August 22, 2014

   A Publication of the James Buchanan Brady
   Urological Institute Johns Hopkins Medical Institutions

Volume III, Winter 2007

LAPAROSCOPIC RADICAL PROSTATECTOM Y: Robot Help or Hype?


Misop Han

 

Over the last five years, Hopkins urologists Li-Ming Su, M.D., and Christian Pavlovich, M.D., have performed more than 600 laparoscopic radical prostatectomies (LRPs), and their results are excellent: At three years after surgery, 97 percent of their patients remain cancer-free, as defined by an undetectable PSA test; 70 percent of their patients had urinary continence at six months, and 90 percent were continent at one year.

The robot’s arms are like ultra
high-tech Swiss Army knives, fitted
with multi-jointed tips loaded with
miniaturized scissors, graspers,
dissectors, and needle drivers.

 

Half of the men were potent at six months, and 75 percent of the men who were potent before surgery, and who underwent the bilateral nerve-sparing procedure were potent one year later.

Su, Director of Laparoscopic and Robotic Urologic Surgery at the Johns Hopkins Hospital, and Pavlovich, Director of Urologic Oncology at Johns Hopkins Bayview Medical Center, reported their results this year at the American Urological Association's annual meeting. Could the use of a robot make these results even better? Su and Pavlovich, along with fellow surgeons Jonathan Jarow, Misop Han, Mark Gonzalgo, and Alan Partin, Director of Urology, have begun investigating this possibility, using a sophisticated robot with a genius's name—daVinci. Robot-assisted laparoscopic radical prostatectomy (RALP) is the latest minimally-invasive surgical technique to enter into the field of urology, Su explains. With the daVinci technique, "the surgeon sits at a computer console using hand and foot controls to manipulate a highly sophisticated robotic device with three to four instrument arms. These are inserted into keyhole incisions made in the patient's abdomen." The daVinci robot's high-quality telescopic lens "gives us an unprecedented, three-dimensional and magnified view of the operative field," says Pavlovich.

The robot's arms are like ultra high-tech Swiss Army knives, fitted with multi-jointed tips loaded with miniaturized scissors, graspers, dissectors, and needle drivers. The idea is that the more specific tools available, the better the surgeon can — operating within extremely cramped quarters — mimic the versatility and delicacy of the human wrist.
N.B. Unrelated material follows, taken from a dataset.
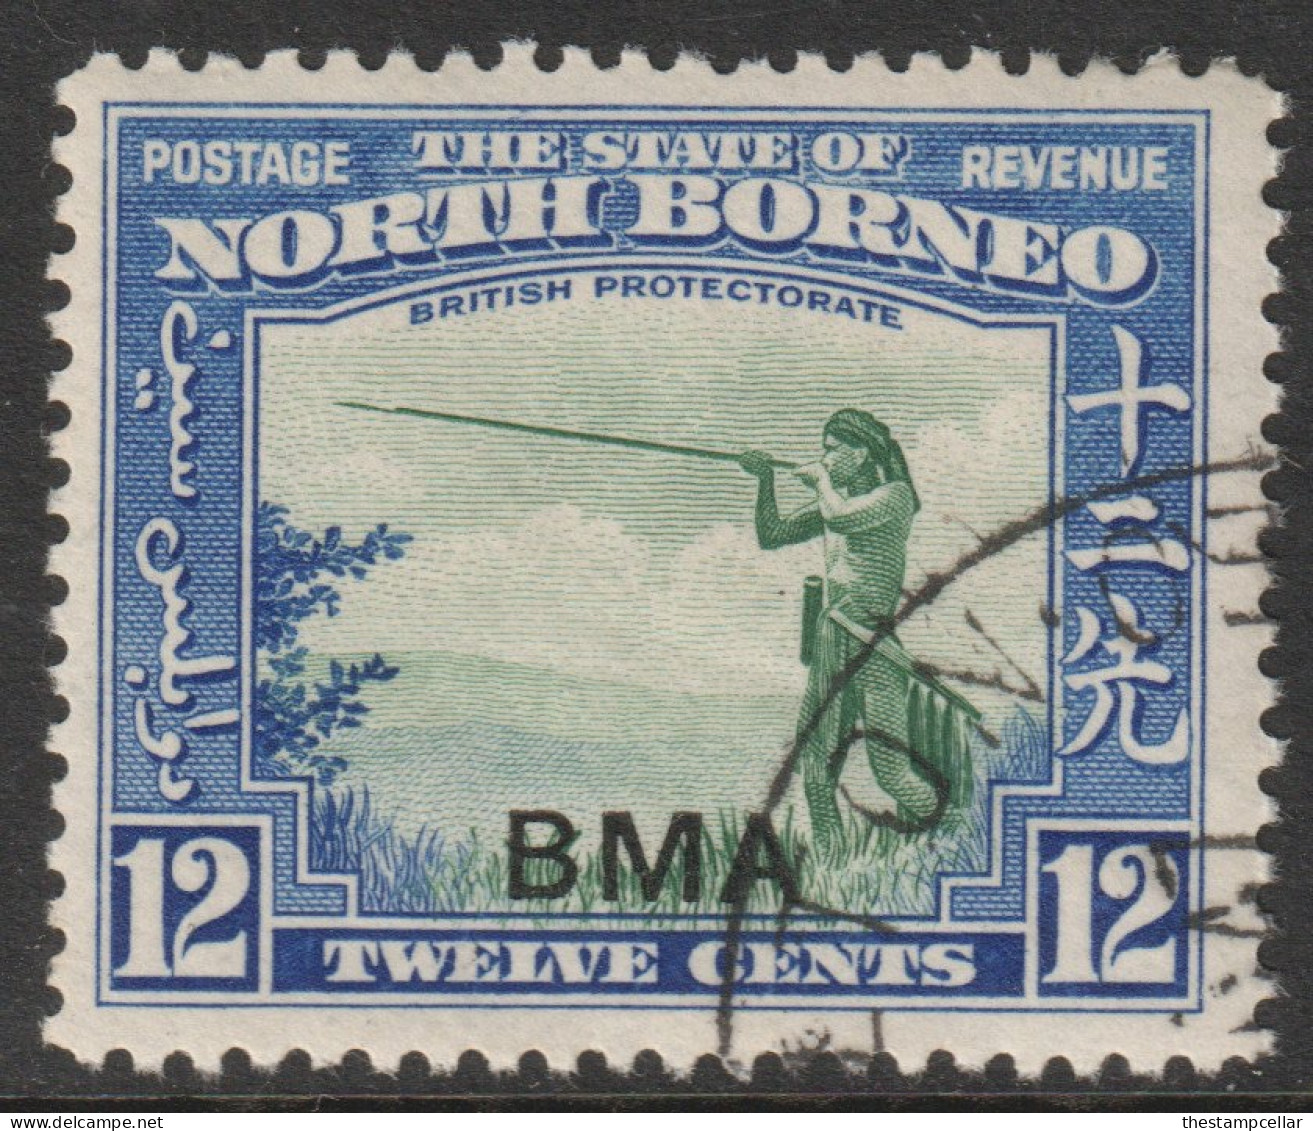 North Borneo Scott 215 - SG327, 1945 BMA 12c Used - Nordborneo (...-1963)

Because of its capabilities, the daVinci Surgical System "is considered a device that can help reduce the learning curve of accomplishing complex laparoscopic procedures, suturing and knot-tying," Pavlovich adds. "These are the most significant limiting factors for many surgeons." Because the technology is making many aspects of laparoscopic surgery relatively easier, the Hopkins surgeons note, RALP has grown in popularity with both urologists and patients, "with an exponential growth of cases performed each year," Su notes. "Much of this growth has been fostered by a combination of aggressive marketing and a peculiar fascination of patients with the use of new technology." However, he cautions, "although RALP has some institutions as being superior to open radical retropubic prostatectomy, many of these studies were limited by their short-term outcomes and flawed because they didn't compare the results to those of achieved by experts at open prostatectomy."

The Hopkins surgeons are taking great measures to evaluate RALP objectively. They believe that long-term studies are needed to get past the hype — to determine the true merits of the robot-assisted technique, its impact on cancer cure, urinary continence, preservation of sexual function, as well as its overall cost-effectiveness.